Que grande filme é System Crasher. Indicado ao Oscar pela Alemanha, o longa-metragem é forte, intenso, desesperador, triste. Nele, acompanha-se a história de Benni (Helena Zengel), uma daquelas 'criança-problema'. Violenta e com ataques frequentes de fúria, ela não é aceita por nenhum tipo de internato ou lar temporário. Dessa maneira, ela fica sendo jogada de um lado pro outro, sem futuro, apenas esperando a sua mãe.
Dirigido por Nora Fingscheidt (Brüderlein),o longa-metragem é um soco no estômago do começo ao fim. Propositadamente desconfortável, é irritante aguentar os gritos da protagonista-mirim no começo. São berros guturais e que mexem com a cabeça de seu espectador. Aliás, a irritação com a protagonista é quase imediata. Sente-se que aquela criança é mimada, não quer ajuda e age daquela maneira só por ser inconsequente.

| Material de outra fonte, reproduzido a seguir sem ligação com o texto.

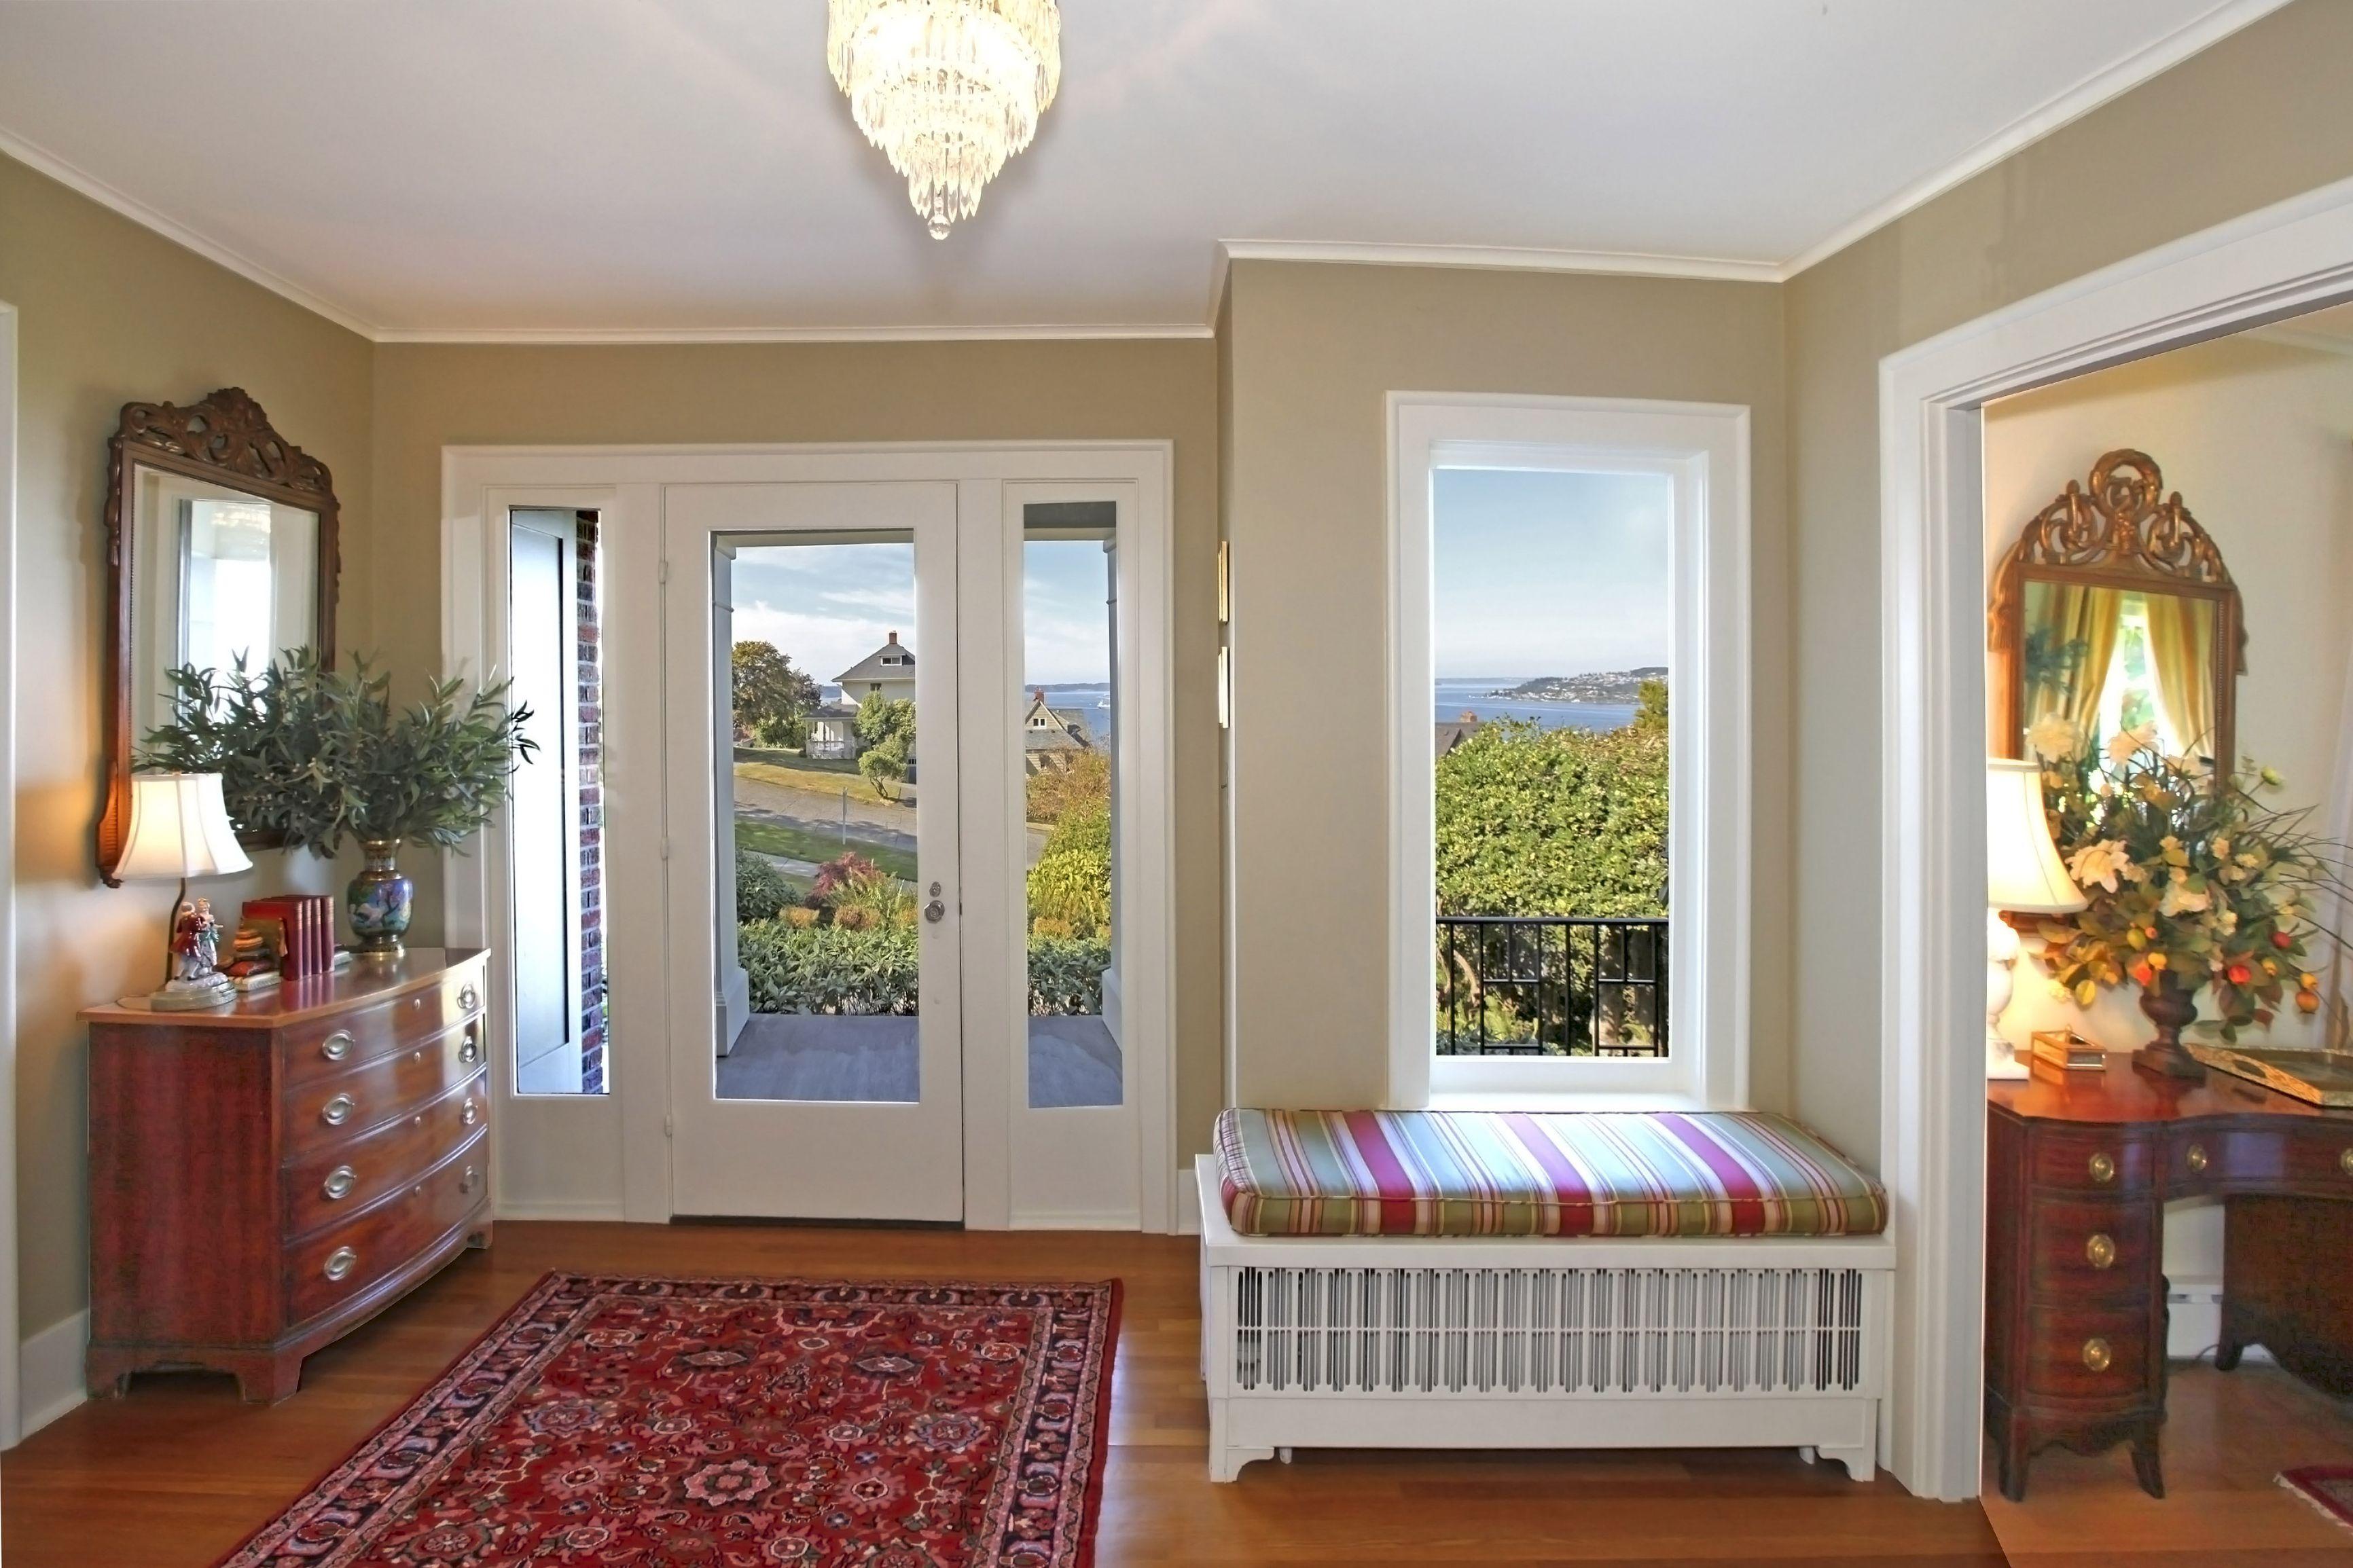 best esempio di ingresso arredato in stile classico with

Mas o desenvolvimento existente no roteiro da própria Nora é espetacular. A trama avança, mas Benni fica parada -- o que, às vezes, pode acabar gerando uma sensação de repetição de histórias. Mas o fato é que o espectador, por meio dessa estagnação da personagem, vai compreendendo seu comportamento, seu sofrimento, suas dores. Não há uma aprovação do que ela faz, é claro. Mas há um sentimento transformador ao fim.
Nora, enquanto isso, possui um ritmo e um estilo de filmagem interessantíssimo. Muitas cenas são criativamente interrompidas por uma tela rosa, que quer dizer muito naquele contexto. Há de se destacar, também, o bom apoio interpretativo de coadjuvantes, que fazem 'escada' para Zengel explodir, se transformar. Ressalto a mãe (Lisa Hagmeister), o educador Micha (Albrecht Schuch) e a assistente social (Gabriela Maria Schmeide).
Esta última, aliás, está numa das cenas mais fortes e emocionais no cinema recente.
Mas o grande destaque, porém, é de Helena Zengel. Que atuação! A menina consegue manter a potência de sua personagem durante os 118 minutos de duração do longa-metragem, sem nunca arrefecer ou deixar algum possível problema do filme tomar conta. Ela, sem dúvidas, é uma revelação. Tomara que o cinema alemão continua a olhar pra ela e a fazer grandes filmes como System Crasher. Ela tem muito, muito potencial.
E duas cenas são fortes, violentas, viscerais. Numa delas, parte do público na sala virou a cabeça, se abaixou, tirou o olho da tela. É complicada de assistir. A outra, enquanto isso, é um misto de alegria, liberdade e uma tristeza profunda -- e que dá sentido, de fato, ao nome do filme. Muitas pessoas podem acabar se desprendendo da narrativa por conta disso. Afinal, não são todos que aguentam/gostam. Mas faz parte da história.
System Crasher é um dos melhores filmes de 2019. Forte, corajoso, visceral. É um Cafarnaum ainda mais forte, ainda mais impactante. O sentimento de impotência toma conta e é difícil parar de pensar no filme, mesmo horas, dias depois. Merece ser indicado ao Oscar e, dependendo dos outros concorrentes, levar o troféu dourado para casa. A Alemanha, felizmente, continua viva -- e como! -- em seu intenso cinema.
(*) Filme visto durante a cobertura da 43ª Mostra Internacional de Cinema de São Paulo.